Similarly, if the communications were created in the midst of a council meeting, or a meeting of any other public body, such communications would be subject to FOIA because the individual members were, at that time, acting together as the public body. When the individual members are acting as a public body, the court held that all records stored on their personal electronic devices are, as a matter of law, in the possession and control of the public body and must be disclosed if the records pertain to public business.
“For the reasons stated, communications ‘pertaining to public business’ and sent to and from individual city council member’s personal electronic devices during the time city council meetings (and study sessions) were convened should be turned over to the City’s FOIA officer for review of what information, if any, should be…provided to [the FOIA requester].”
A duty to store personal texts, emails?
This holding appears to place a duty on elected officials to provide copies to the head of the public body (or its FOIA officer) of all documents stored on their personal computers and phones that are related to public business and that were either created during a meeting of the public body, or that were distributed to at least a quorum of its members.
However, Bollingbrook-based local-government attorney John M. O’Driscoll, a partner with Tressler LLP, said the Champaign decision raises more questions than it answers, and all governmental bodies throughout the state should take a close look at their local practices and ordinances to make sure they are complying with the sunshine laws without also putting themselves at risk of having to disclose communications they intended to remain private.

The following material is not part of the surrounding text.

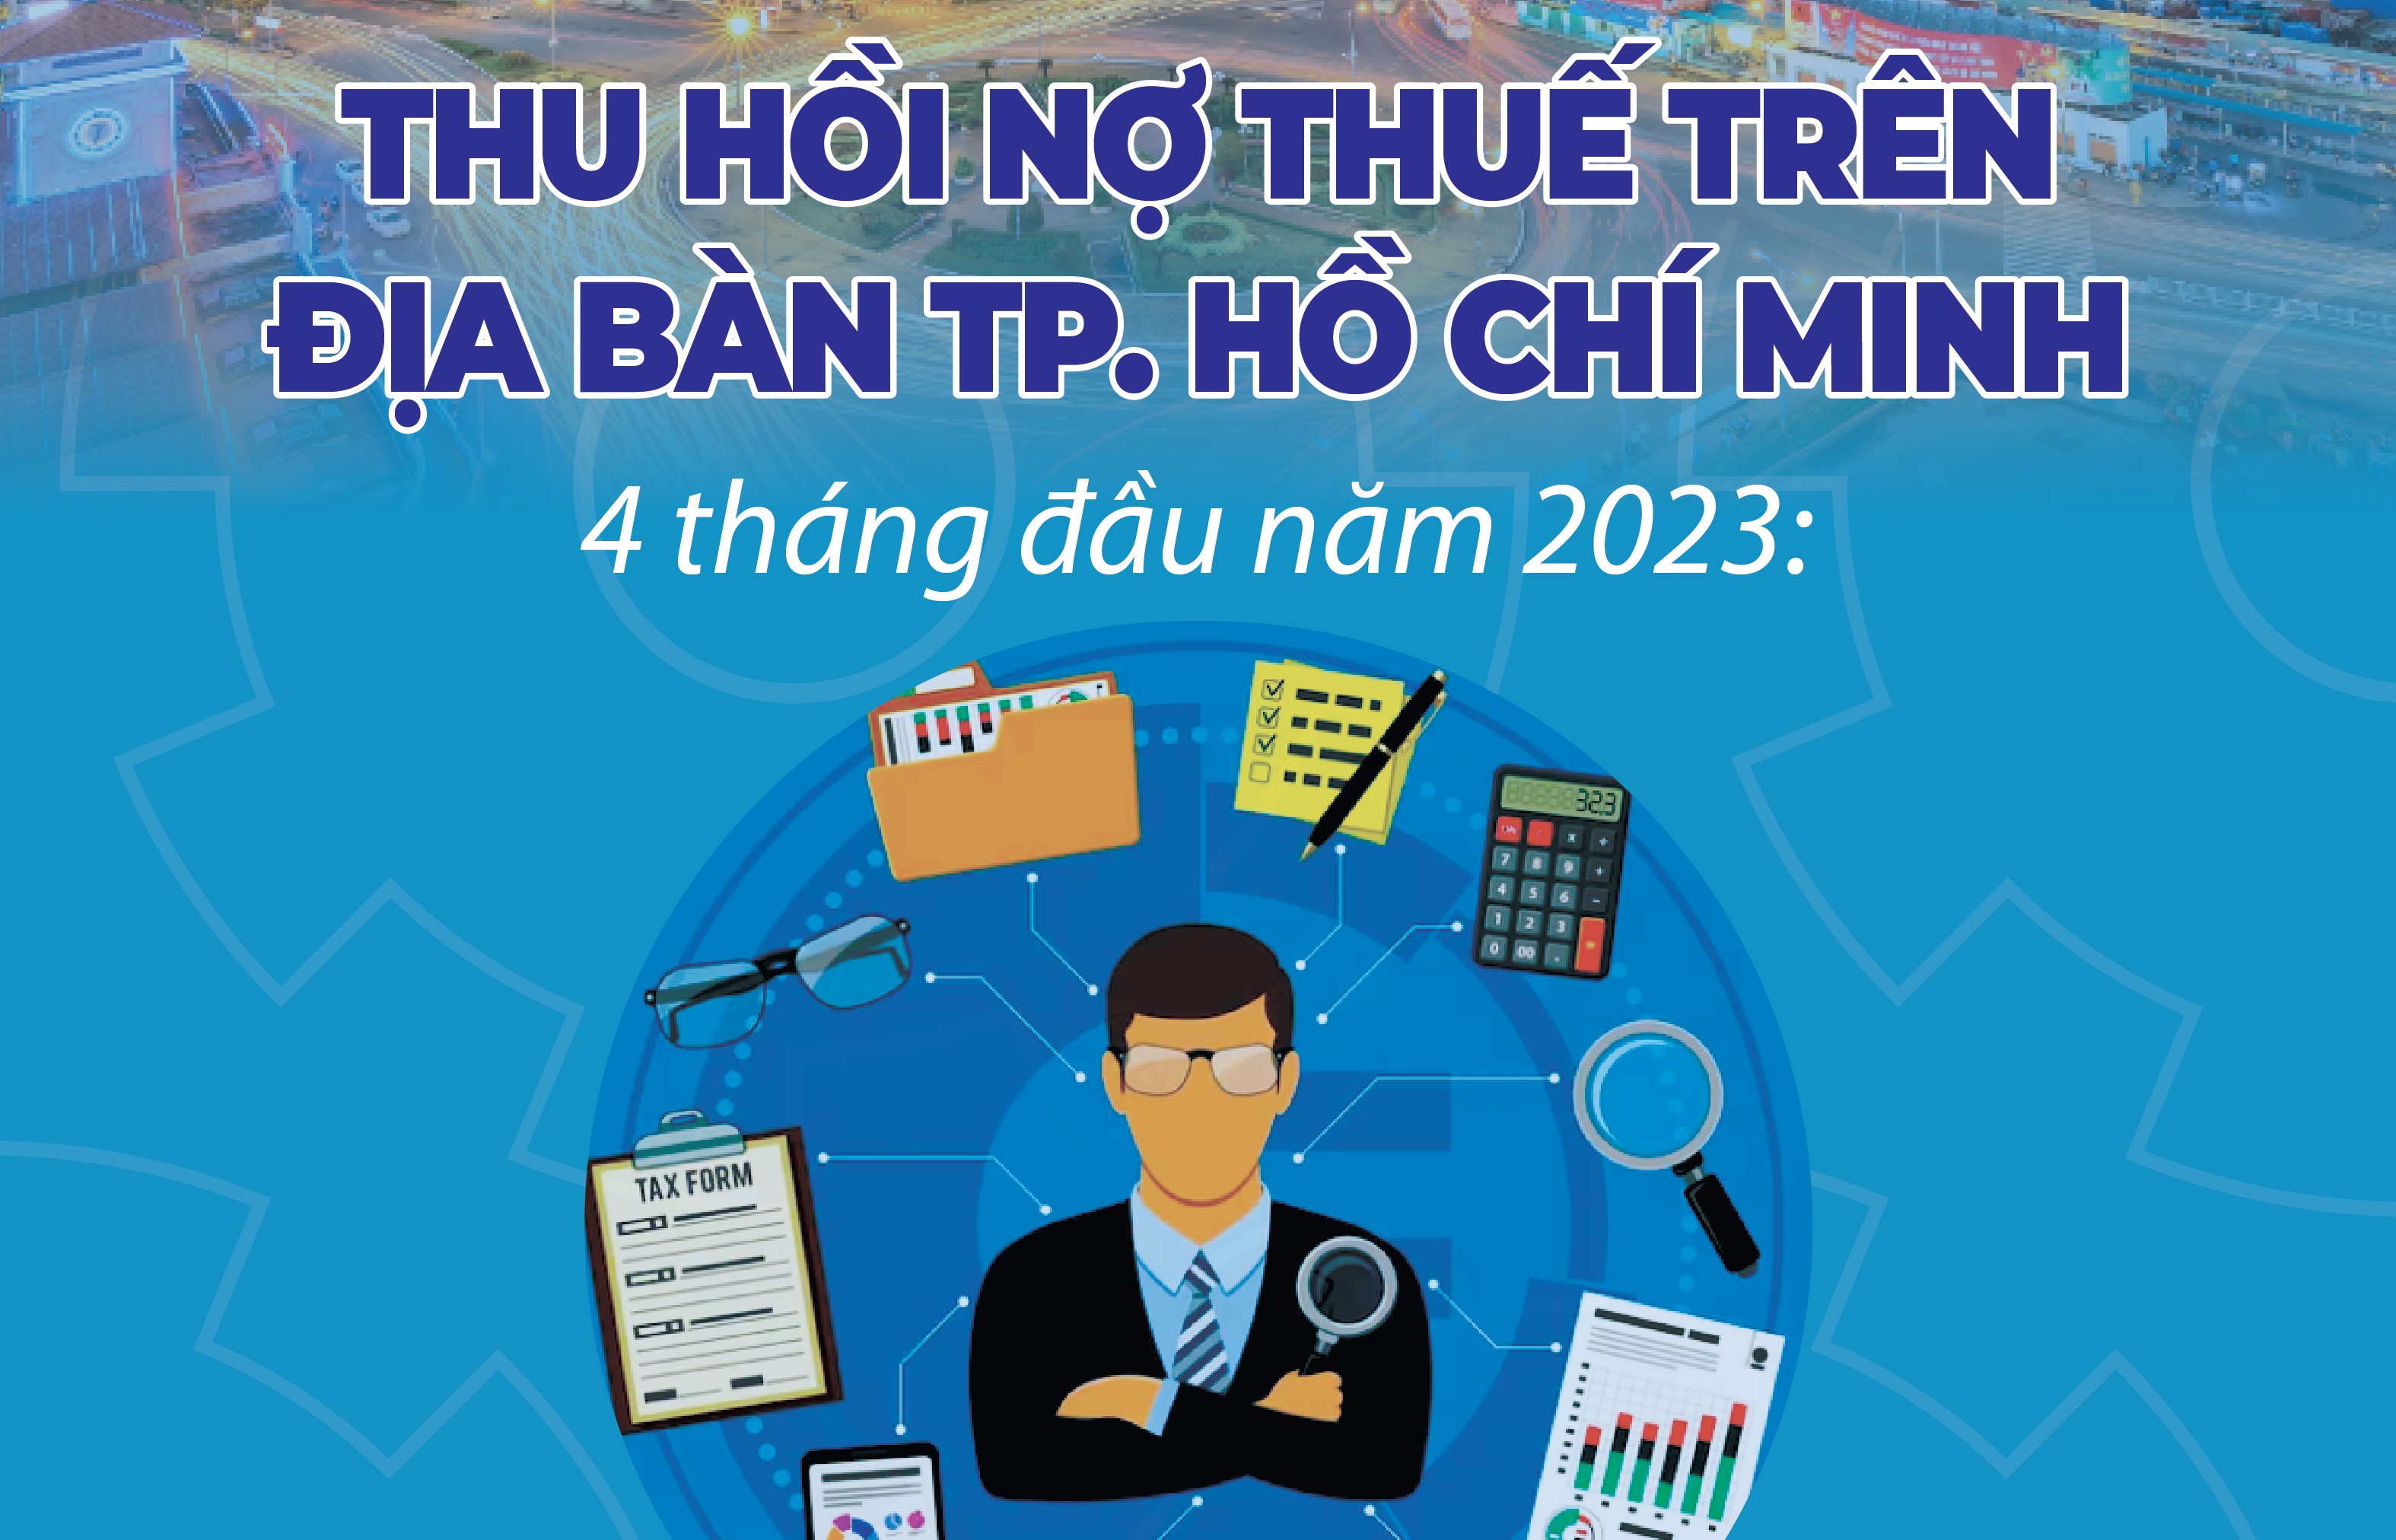 Infographics: Cục Thuế TP. Hồ Chí Minh thu hồi 7.532 tỷ đồng nợ thuế

“Everybody understands and appreciates the need for transparency in government, but trying to implement that in a fair and reasonable way is a difficult thing to do, especially with advancements in technology,” O’Driscoll said. “With my [village] trustees, I tell them to put their phone down and don’t touch it as soon as the meeting starts – it’s not worth the aggravation. But that can be a problem sometimes, because people are addicted to these devices.”
O’Driscoll said responding to FOIA requests that involve electronic communications has become “no easy task,” and the Champaign decision is only one step towards providing FOIA officers with the information they need to properly perform their duties. There will be future court decisions, O’Driscoll said, dealing with specific scenarios on a case-by-case basis.
“For example, consider a message that was sent before the meeting started but had an attachment that slowed the delivery until after the meeting started. How would that be treated?” he said.
The Champaign court didn’t have all the answers, but it did provide some advice for elected officials that echoes what O’Driscoll has been telling his governmental clients.
“We would encourage local municipalities to consider promulgating their own rules prohibiting city council members from using their personal electronic devices during city council meetings,” the court said.